Zero (POL)
50INN
[Intro]
NASCAR wpada jak feta na farta
To nowy cut-up jak stuff w gramach, łap wrażenia w częściach
NASCAR wpada jak feta na farta
Wydrą cię ochłapy z gardła, zadanie, złudzenie szczęścia

[Zwrotka 1]
NASCAR wpada jak feta na farta
To nowy cut-up jak stuff w gramach
Ta gra wypierdala nas z nas samych jak NASA
Każdy szary pixel krzyczy: cyfry wypierdalać z ciała
Eenie minie Mani mówił o tym, ale zaraz zaraz
Eenie minie Mani coś tam mówił, ale o tym zaraz
Ty szukasz oparcia u mas, choć znasz skutki jak palacz
Lubisz se napluć w twarz, wybulić hajs i mieć kaca
Bo prawda bywa dwuznaczna jak tępa bladź w La Mania
Jedno spojrzenie ma wiedzieć ile jest warta ta szmata
Ciało jak mugwump zna wszystkie plugawe zaklęcia
Prawie jak karma w nas, kiedy się pchamy do pieca
Ale bez ciała ten świat to tylko jebany erzac
I nie ma znaczenia fakt, że to nie zmysły, a ekran
Niech wpada Nova Police, se tylko sączymy nektar
W ośrodkach chorych ambicji enzymy płodzą nieszczęścia
Głupcy, apasze, artyści, za nimi zejdziesz do piekła
Przy taśmach siły tak tanie jak wypruwane z nich dzieła
Nie ma marzenia bez skazy, osiedla w cieniu ich fabryk
Jak echa znad Aleksandrii, to raczej rzeźnia, nie azyl
Mi mówią antibarbarus, kiedy się pcham na te ślady
Zdesperowany jak Ah Pook z wylotem lufy u twarzy
Z pilotem dupy z kanapy dzisiaj nie ruszą już za nic
Tak działa siła i nawyk, to nowe światło oświaty
Leje na łaskę owacji, powoli pęka mi głowa
Toast za lata pogardy, węszą bękarty Pawłowa
Latam od bandy do bandy, siedzisz i patrzysz na to
Daytona Beach, Stany, dwieście okrążeń, to samo (Nascar)
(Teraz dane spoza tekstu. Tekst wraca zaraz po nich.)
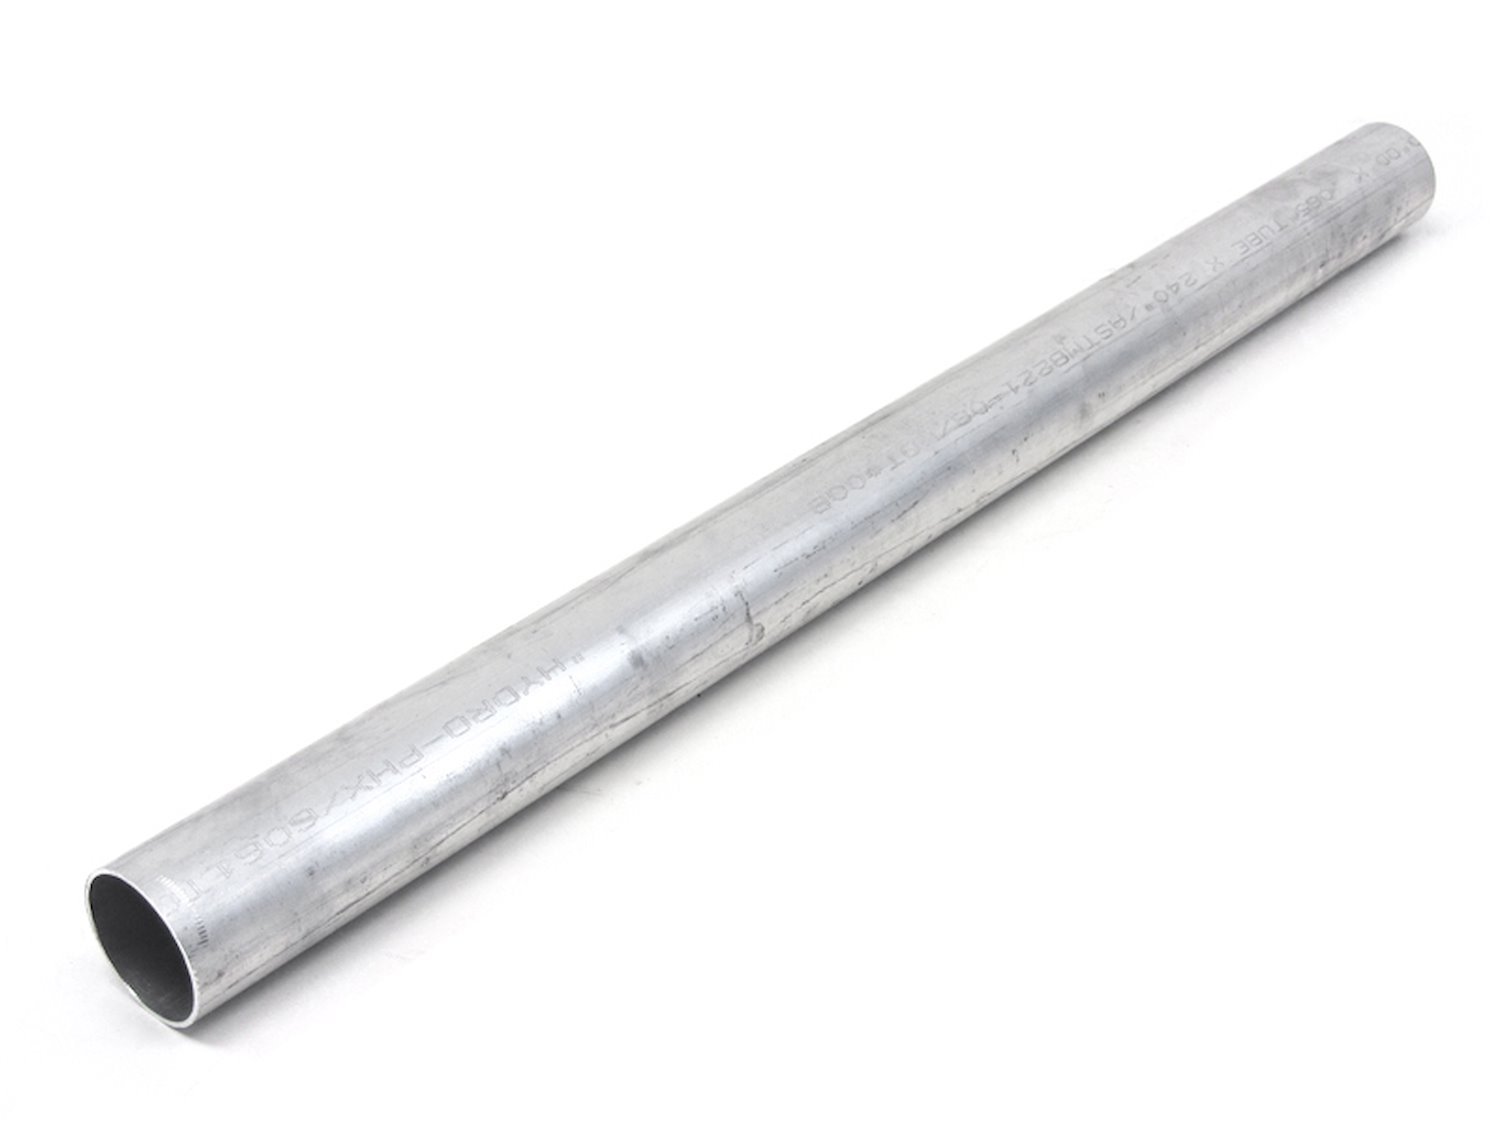 AST-3F-062 Aluminum Tubing, 6061 Aluminum, Straight Tubing, 5/8 in. OD, Seamless, Raw Finish, 3 ft. Long

Czy to o latach, gdy z diabłem miałem tu fight co rano?
Choć skurwiel sam już nie wiedział, kto tu jest wilk, a kto zając
A może mówię o sztuce, od kiedy "Z" z "T" olały sukę i obok stoją jak zero i treść?
Prawie jak Zero i sen, bo żeby spisać te wersy
Serio musiałem go spędzić z powiek jak setki mój portfel
Zamykam oczy i grę, to solus ipse, nie wierzysz
Ej, musisz serio się cenić, człowiek, jak setki mój portfel
I to jest dopiero chore, ty swoje, dopiero wtorek
Która aleja, kwatera, to cmentarz? - Co ty, biurowiec?
Jedni chorują na wolnośc i z nią się biją pod blokiem
Inni na przestrzeń pięter, błękit za szybami okien
Jak w wyro pudla wbijasz i tak cię zwija, że amen
Albo w krainie ciemności, że ciągle szyja i parter
To kurwa kończę i znikam, nara jak Piotr Marek
Zawsze się znajdzie unikat, co ma aż tak wyjebane
Nie takie kluby olałem, dwadzieścia siedem za pasem
I nie że całkiem outsidem lecę, bo znowu na trasie
A znając wasze wygrane, wolę już zamykać stawkę
Jak czarne konie na drodze do nieba z napisem: "slaughterhouse"
[Tekst i adnotacje na Rap Genius Polska]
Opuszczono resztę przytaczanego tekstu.